Allein die Geschichte verströmt noch etwas Glanz. Vor allem in der Mathew Street tummeln sich die Touristen. Das verwinkelte Sträßchen gilt als Wiege der Popmusik. Eine Metallstatue markiert den heiligen Ort, die John Lennon in Lebensgröße zeigt. Lässig steht er da in Halbstarken-Pose an eine Hauswand gelehnt mit spitzen Cowboystiefeln, Röhrenjeans, Pullover und offener Lederjacke, dazu der typischen Pilzkopf-Frisur. Gelangweilt hat er die Hände in den Hosentaschen vergraben.
Die Lennon-Statue ist hier nicht zufällig postiert. Schräg gegenüber befand sich einst der Eingang des legendären Cavern-Club, dem Ort, wo Anfang der 60er Jahre die Karriere der Beatles begann und der seither als Ausgangspunkt der Popmusik nicht nur in Liverpool und England, sondern in ganz Europa gilt, sprich: Heilige Erde!

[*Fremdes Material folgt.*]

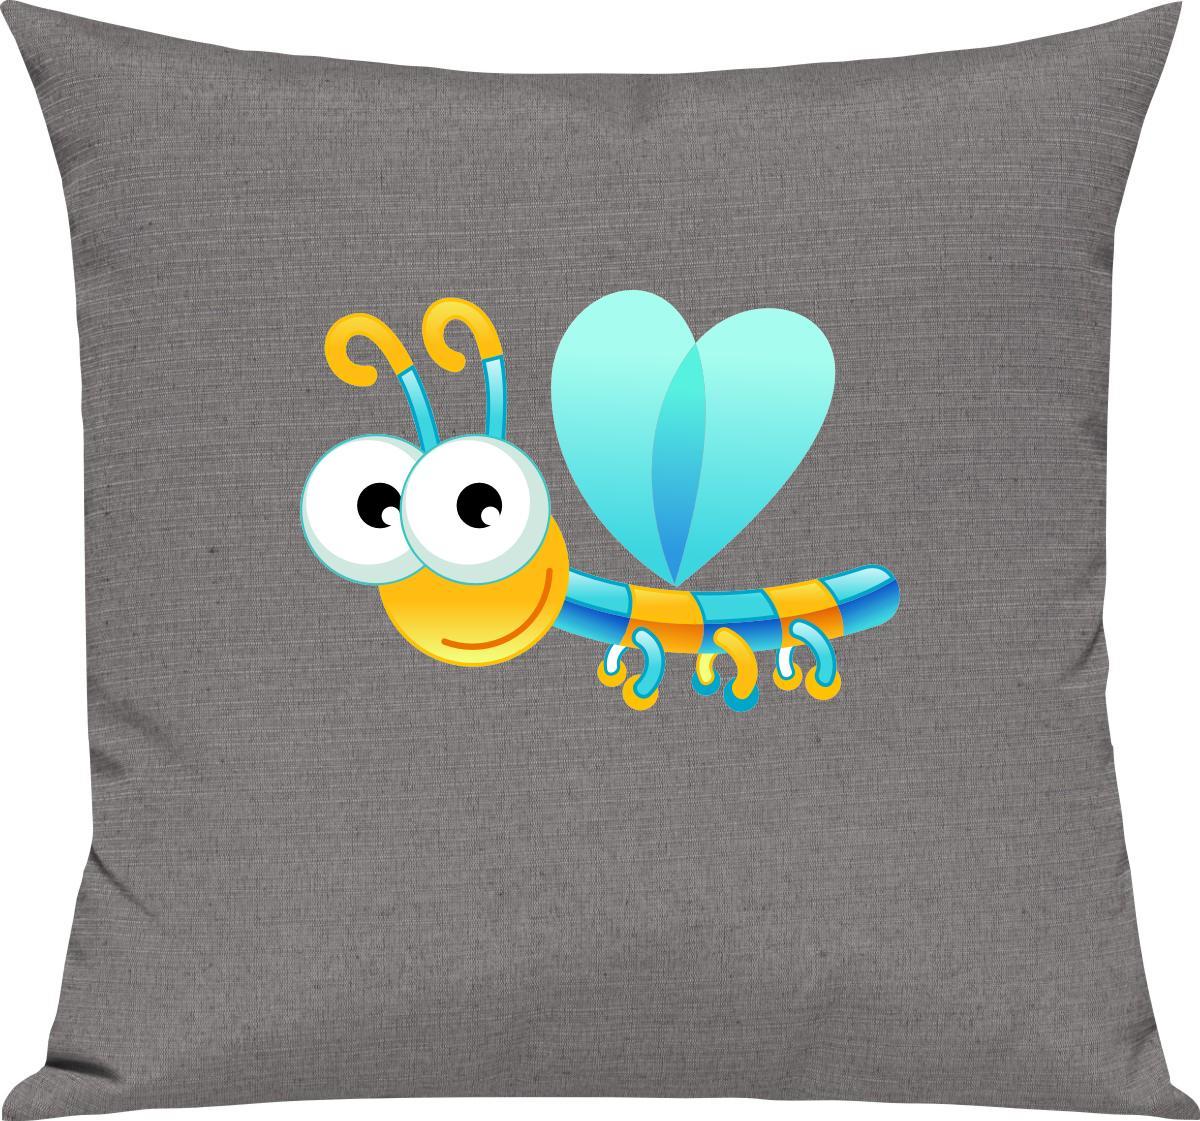 Indexbild 7 - Kinder Kissen, Libelle Insekt Tiere Tier Natur, Kuschelkissen Couch Deko,

Der Cavern-Club existiert schon lange nicht mehr. Er wurde vor Jahren abgerissen und durch einen modernen Funktionsbau ersetzt. Ein paar Meter weiter hat ein Dublikat seither die Pforten geöffnet. Eine Sanierungs-Sünde, die man in Liverpool seit langem bereut. Nur ein Hinweistafel erinnert noch an die einst glorreichen Zeiten.
Damals, zu Beginn der 1960er Jahre, herrschte in den engen Gassen der Altstadt jeden Abend Hochbetrieb. Ein neuer, schriller, ohrenbetäubender Sound sorgte für Hysterie. Hunderte von jungen Leuten strömten zu Auftritten der Beatles, von Gerry & The Pacemakers oder der Fourmost, die entweder gleich um die Ecke im Iron Door in der Temple Street auftraten oder hier im Cavern. Brav wurde vor dem Eingang Schlage gestanden, bis man eingelassen wurde und dann zwei Treppen in das riesige Kellergewölbe hinunterstieg, das an die 500 Besucher fasste.

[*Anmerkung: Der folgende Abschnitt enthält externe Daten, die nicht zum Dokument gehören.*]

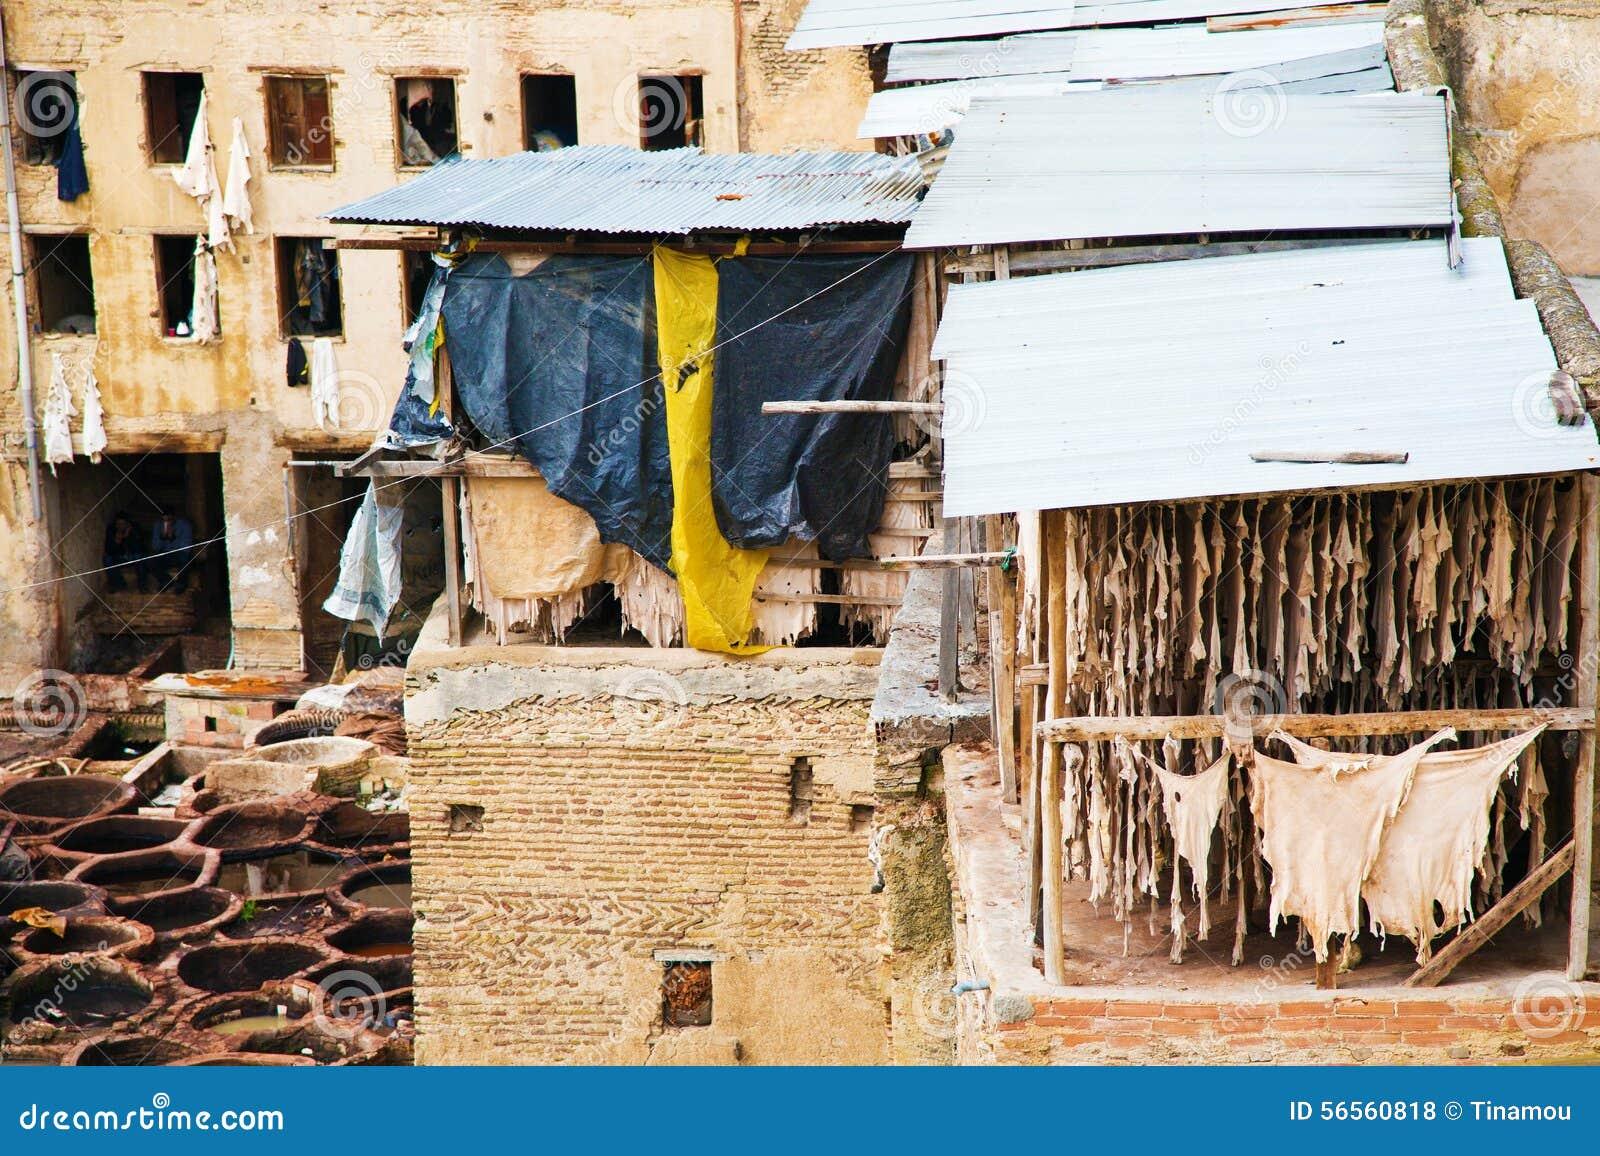 Download Παλαιός φλοιός στο Fez, Μαρόκο Εκδοτική Στοκ Εικόνες - εικόνα από antiquate, αφρικανικά: 56560818

Der Cavern Club war ein feuchtes Loch, das im 2. Weltkrieg als Luftschutzkeller gedient hatte. Er war schlecht beleuchtet, stickig und modrig. Frischluftzufuhr gab es kaum. Wenn der Laden voll war, tropfte das Kondenzwasser von den Wänden. Die jungen Leute kümmerte das wenig. Auf sie übte der Club eine magische Anziehungskraft aus, weil hier die heißesten Bands
spielten.
John-Lennon-Statue schräg gegenüber vom ehemaligen Cavern-Club. (Foto: Christoph Wagner)
Ursprünglich war der Cavern 1957 als Jazzclub entstanden, doch änderte er mit der Zeit sein Konzept, um die neuen musikalischen Strömungen zu präsentieren. Das war kommerziell einträglicher. Zuerst wurde ein Abend für Skiffle eingerichtet, dann tauchten ab 1961 die erste Beatbands auf, die bald das Programm dominierten, weil der Publikumsansturm so gewaltig war.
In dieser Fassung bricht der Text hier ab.